HOW TO COMPLETE THIS TASK: The material below is to be copied exactly from the line with "2015年江苏公务员考试行测真题及答案(A类)(标准打印版)" up to and including the line with "Take Action, Bullseye, Yellow", with nothing else kept and no pictures.

RECORDS PROVIDED:
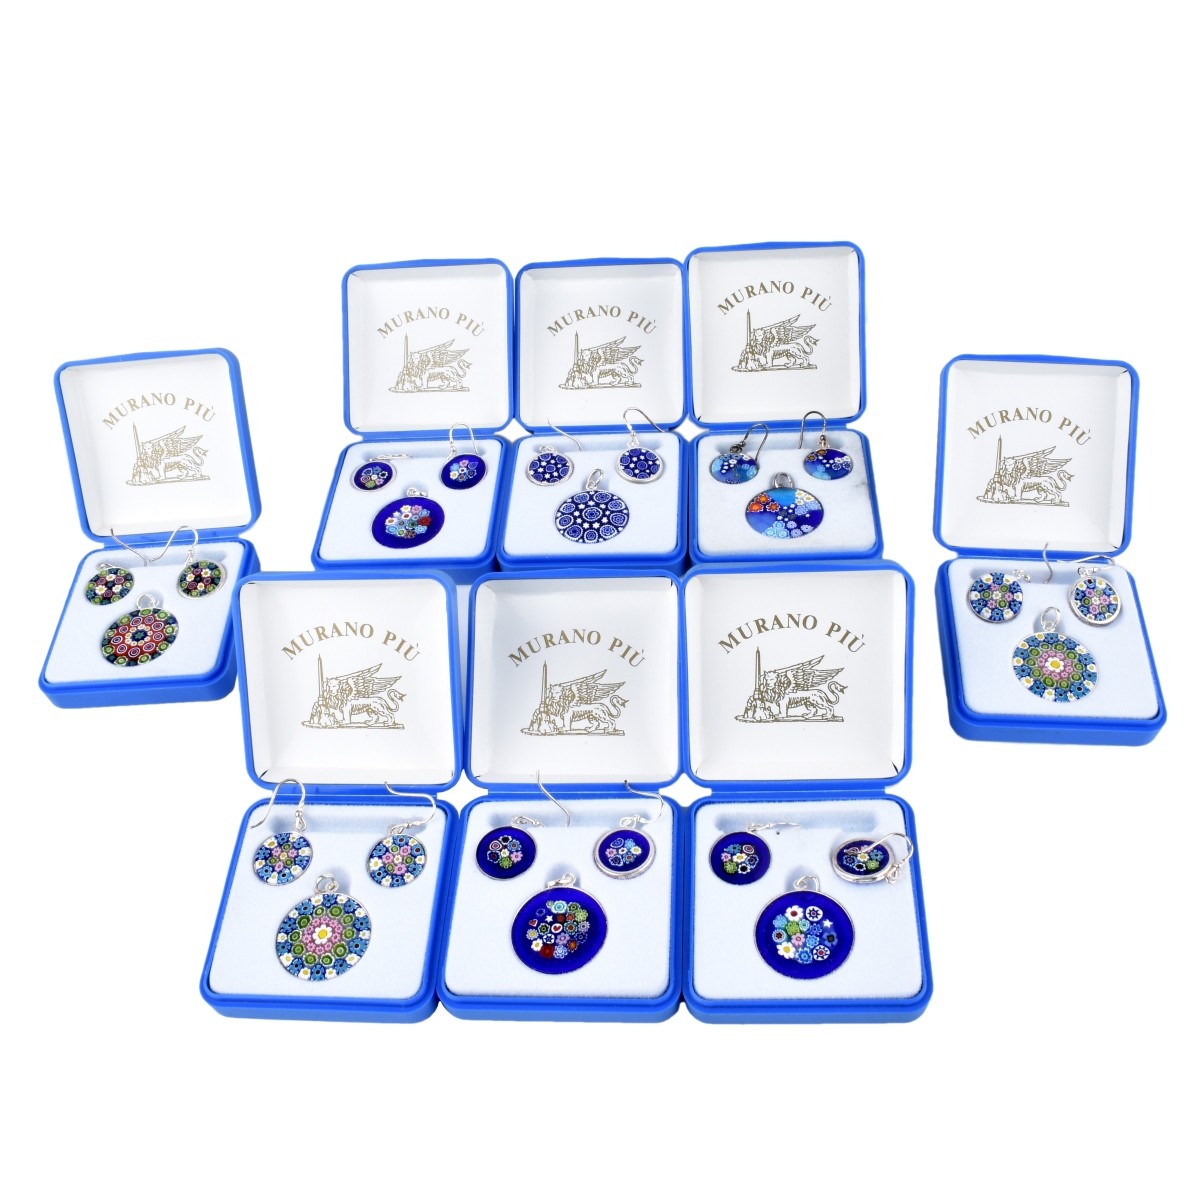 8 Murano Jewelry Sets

* * *

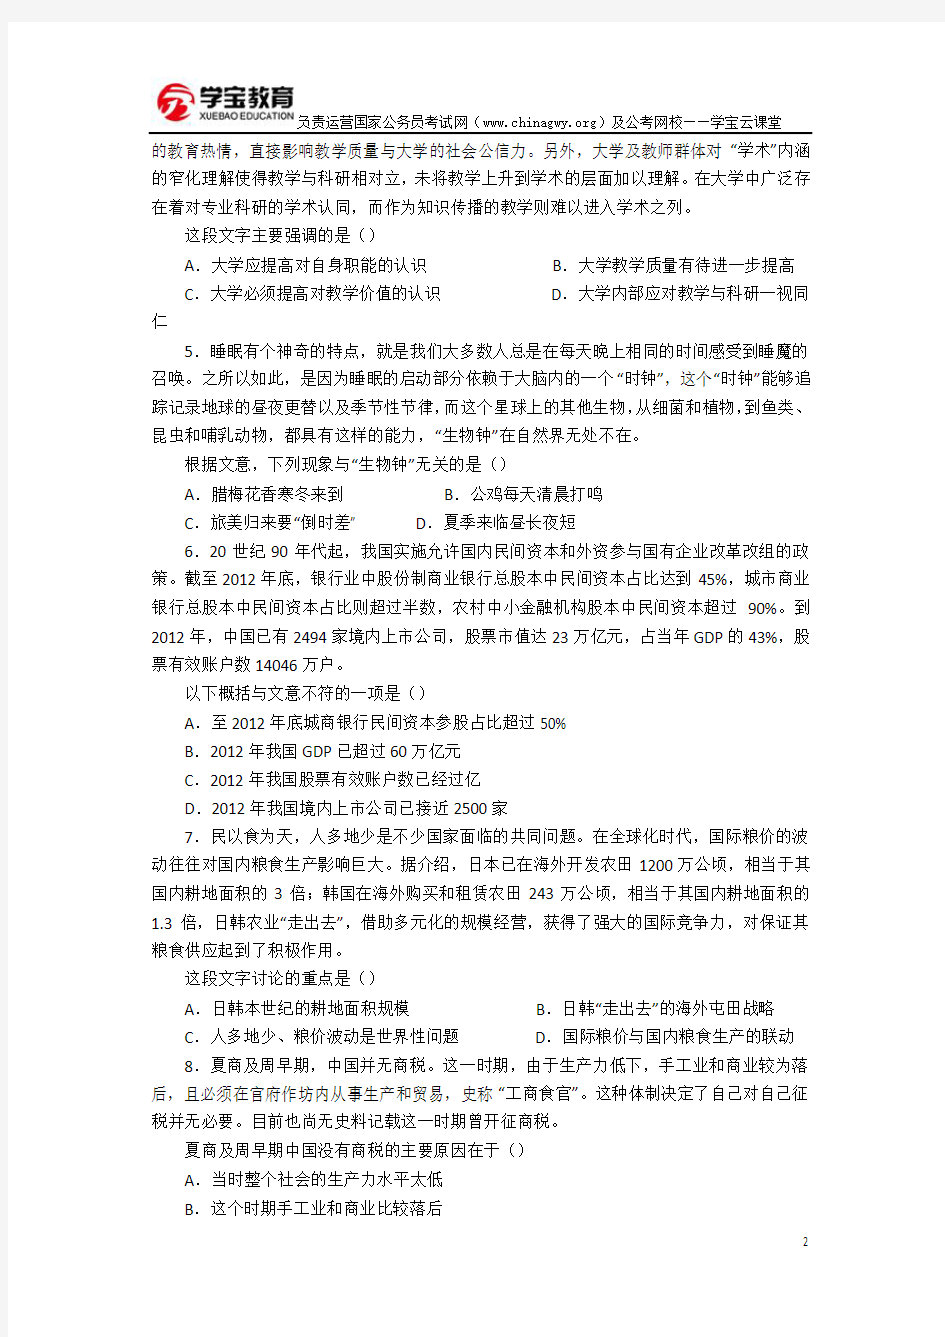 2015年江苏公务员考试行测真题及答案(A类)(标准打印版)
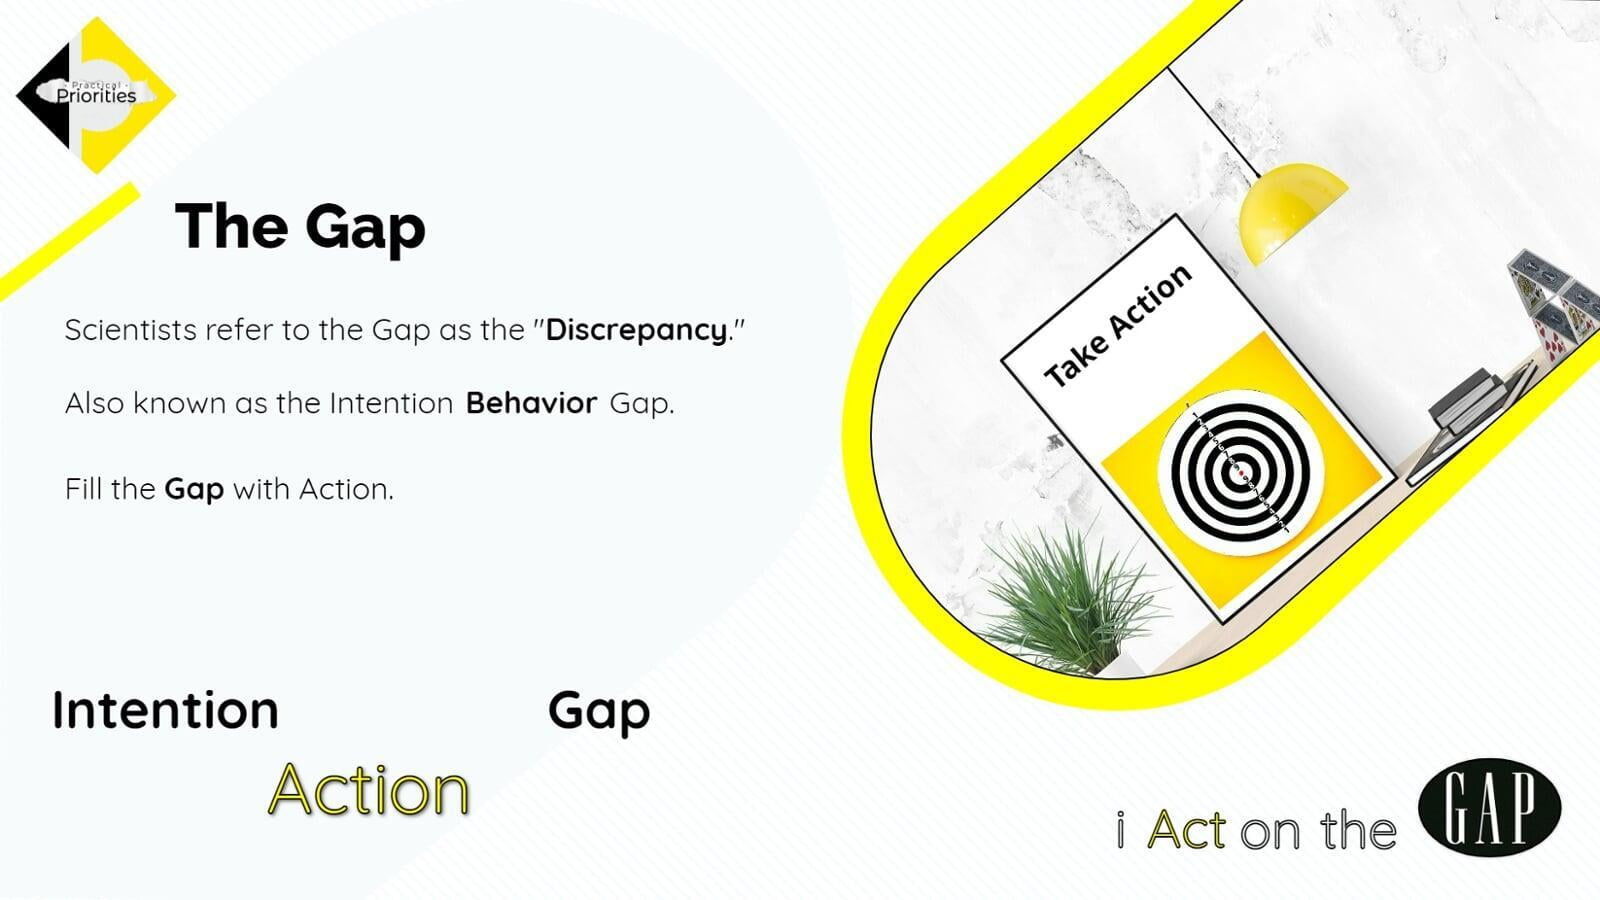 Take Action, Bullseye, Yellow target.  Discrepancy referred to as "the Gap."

TASK RESPONSE:
 2015年江苏公务员考试行测真题及答案(A类)(标准打印版)
 Take Action, Bullseye, Yellow target.  Discrepancy referred to as "the Gap."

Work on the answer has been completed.